Japan Priority Application 2001-272478, filed Sep. 7, 2001 including the specification, drawings, claims and abstract, is incorporated herein by reference in its entirety.
This invention relates to highly sensitive cells that can detect environmental pollutants as well as to the detection methods employed.
Currently, evaluation of the toxicity of environmental pollutants is accomplished by instrumental analysis or bioassays using test organisms. Instrumental analysis using, for example, HPLC, GC/MS or LC/MS, enables highly sensitive detection of environmental pollutants and these techniques have been established as a means for analyzing specific known components. Bioassays using mammalian, microbial and fish test organisms precisely reflect the effects of chemical substances on living organisms. However it is substantially impossible to test the effect of large numbers chemicals individually, without taking into account any synergistic effects multiple chemicals may have when tested together because these tests require a large number of animals. The difficulty is compounded when examining the effects of long-term exposure and effects over multiple generations. Thus, simple and economical methods of testing the effect of chemicals on a biological system are needed.
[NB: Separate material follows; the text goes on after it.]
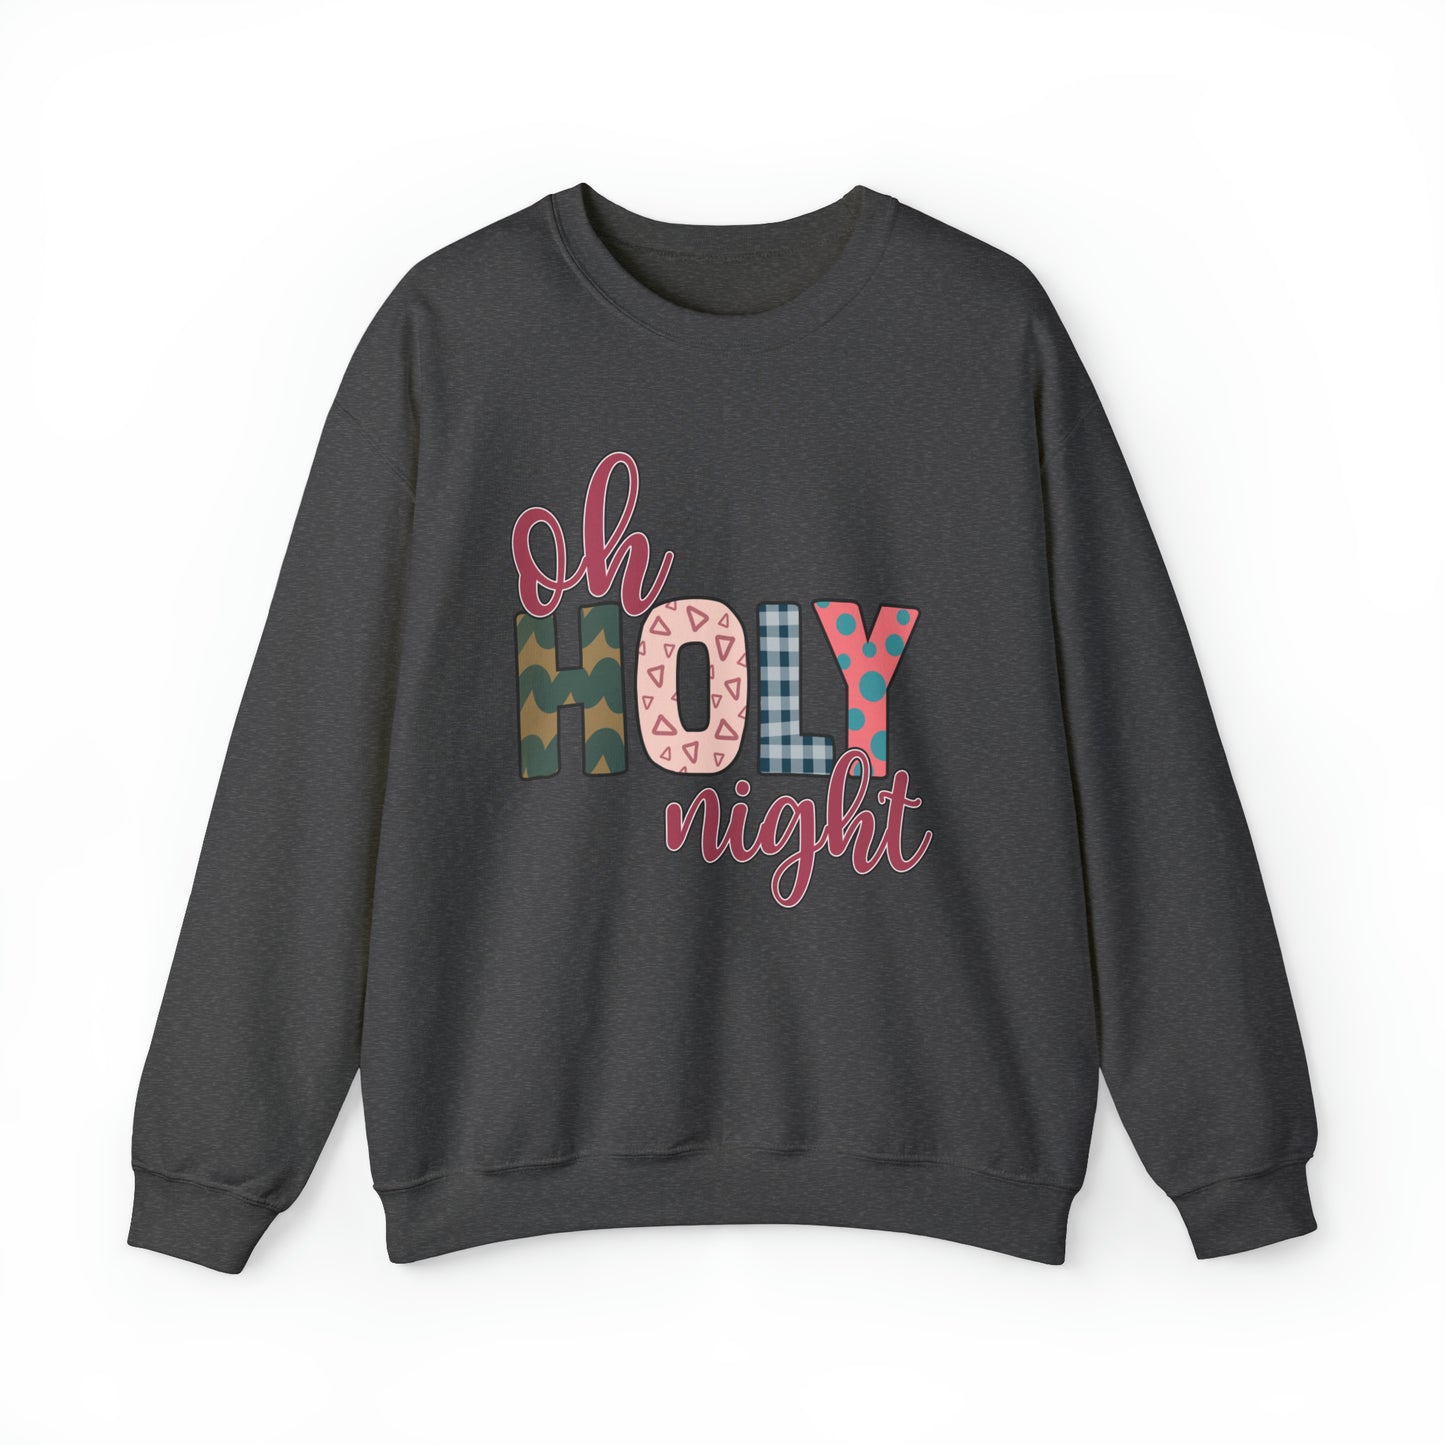 Oh Holy Night Women's Christmas Sweatshirt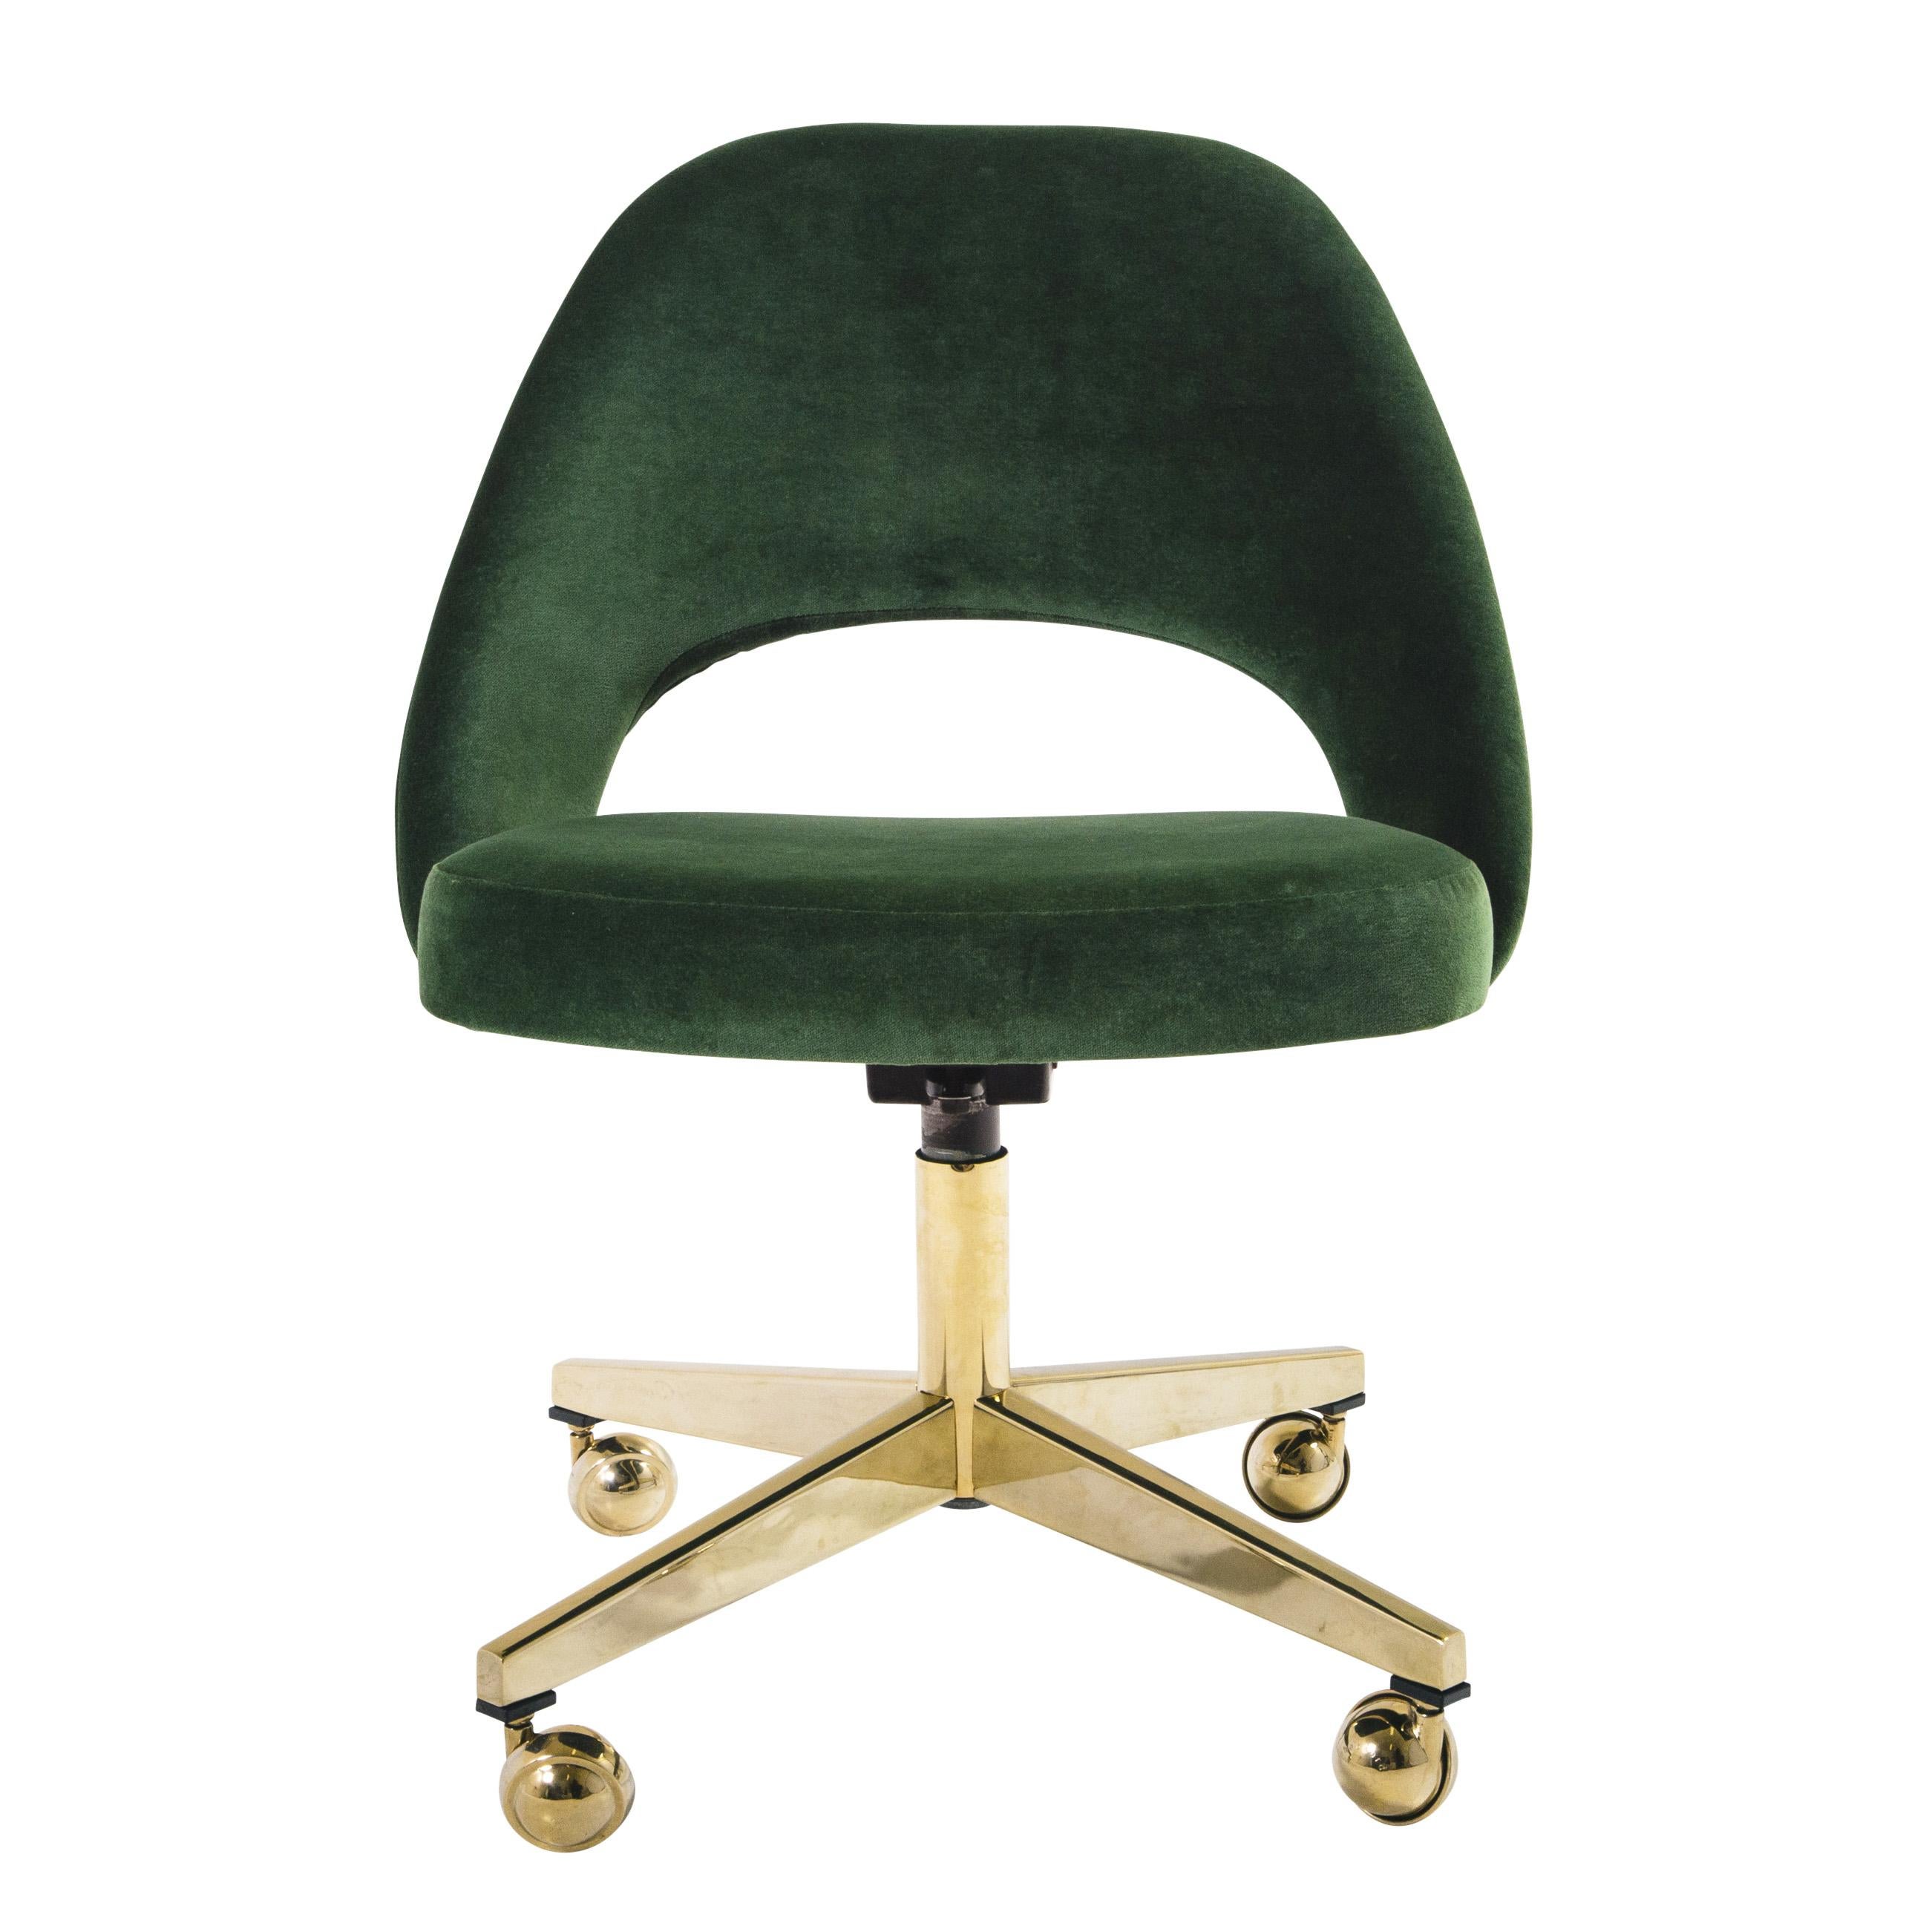 Wir restaurieren seit Jahren Saarinen Chefsessel in allen erdenklichen Stoffen, direkt in unserem eigenen Arbeitsraum. Wir haben diese Vintage-Stühle mit einem eleganten italienischen Samt in der Farbe Smaragdgrün restauriert. Erfahrene Handwerker

At present, some in vitro assay systems are known. Compounds are tested for mutagenicity using detection systems such as the Ames test, chromosomal aberration tests which uses cultured cells and the cytotoxicity test which measures cell growth rates. Additionally, new detection systems can detect characteristic features like estrogenic response using human breast cancer cells MCF-7 cells that express estrogen receptors. For example, vitellogenin, which usually appears in blood of female fish, is induced in male fish when they are exposed to xenoestrogen. Reporter assays are also known using cells transformed with a luciferase reporter gene.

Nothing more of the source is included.